EX-99.4 5 d75934exv99w4.htm EX-99.4 exv99w4
EXHIBIT 4
POWER OF ATTORNEY
for Executing Forms 3, 4 and 5 and Schedules 13G and 13D
KNOW ALL MEN BY THESE PRESENTS, that the undersigned hereby constitutes and appoints David Knight, William B. Keisler and Todd C. Ferguson the undersigned’s true and lawful attorneys-in-fact to:
(1) execute, for and on behalf of the undersigned, any one or more Forms 3, 4, and 5 in accordance with Section 16(a) of the Securities Exchange Act of 1934, as amended (the “34 Act”), and the rules thereunder, and Schedules 13G and 13D, and amendments thereto, in accordance with Section 13 of the 34 Act and the rules thereunder;
(2) do and perform any and all acts, for and on behalf of the undersigned, that may be necessary or desirable to complete the execution of any such Form 3, 4 or 5 or Schedules 13G and 13D, and the timely filing of such forms and schedules with the United States Securities and Exchange Commission and any other authority; and
(3) take any other action of any type whatsoever in connection with the foregoing that, in the opinion of any such attorney-in-fact, may be of benefit to, in the best interest of, or legally required by, the undersigned, it being understood that the documents executed by such attorney-in-fact on behalf of the undersigned, pursuant to this Power of Attorney, shall be in such form and shall contain such terms and conditions as such attorney-in-fact may approve in his discretion.
The undersigned hereby grants to the foregoing attorneys-in-fact full power and authority to do and perform all and every act and thing whatsoever requisite, necessary, and proper to be done in the exercise of any of the rights and powers herein granted, as fully to all intents and purposes as such attorneys-in-fact might or could do if personally present, with full power of substitution or revocation, hereby ratifying and confirming all that such attorneys-in-fact, or their substitutes, shall lawfully do or cause to be done by virtue of this Power of Attorney and the rights and powers herein granted.
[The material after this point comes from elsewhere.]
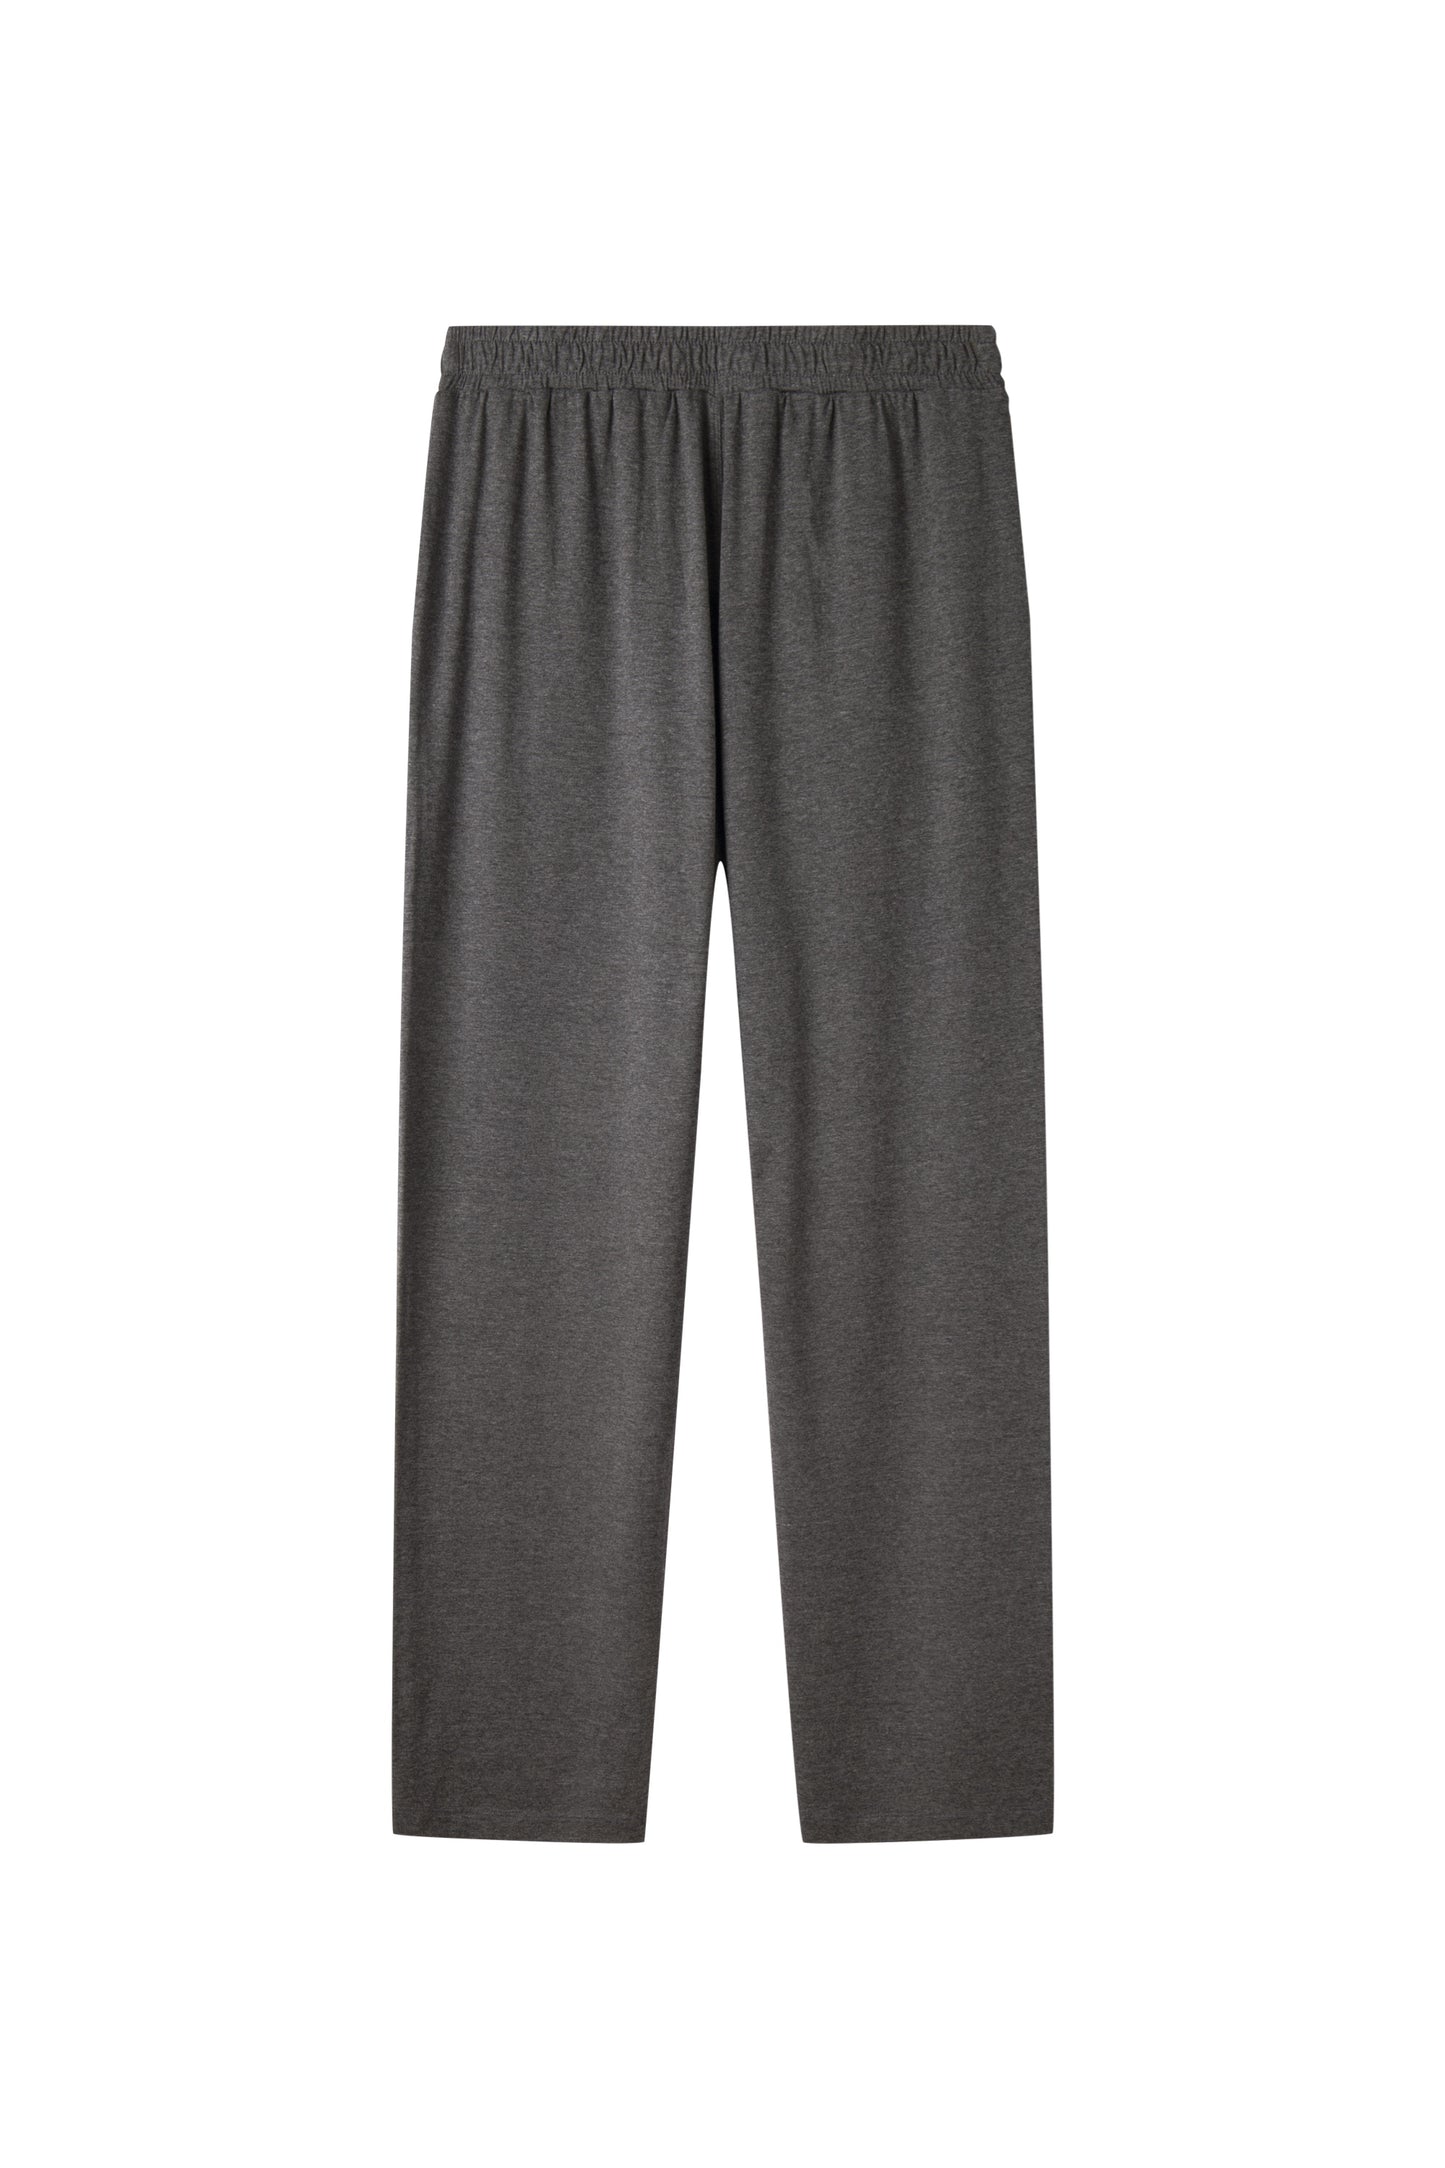 Hackett x Wellwear Premium Pyjama Pant

The undersigned acknowledges that the foregoing attorneys-in-fact, in serving in such capacity at the request of the undersigned, are not assuming any of the undersigned’s responsibilities to comply with Sections 13 and 16 of the Securities and Exchange Act of 1934, as amended, or other applicable securities laws or rules.
IN WITNESS WHEREOF, the undersigned has caused this Power of Attorney to be executed as of this 3rd day of September, 2010.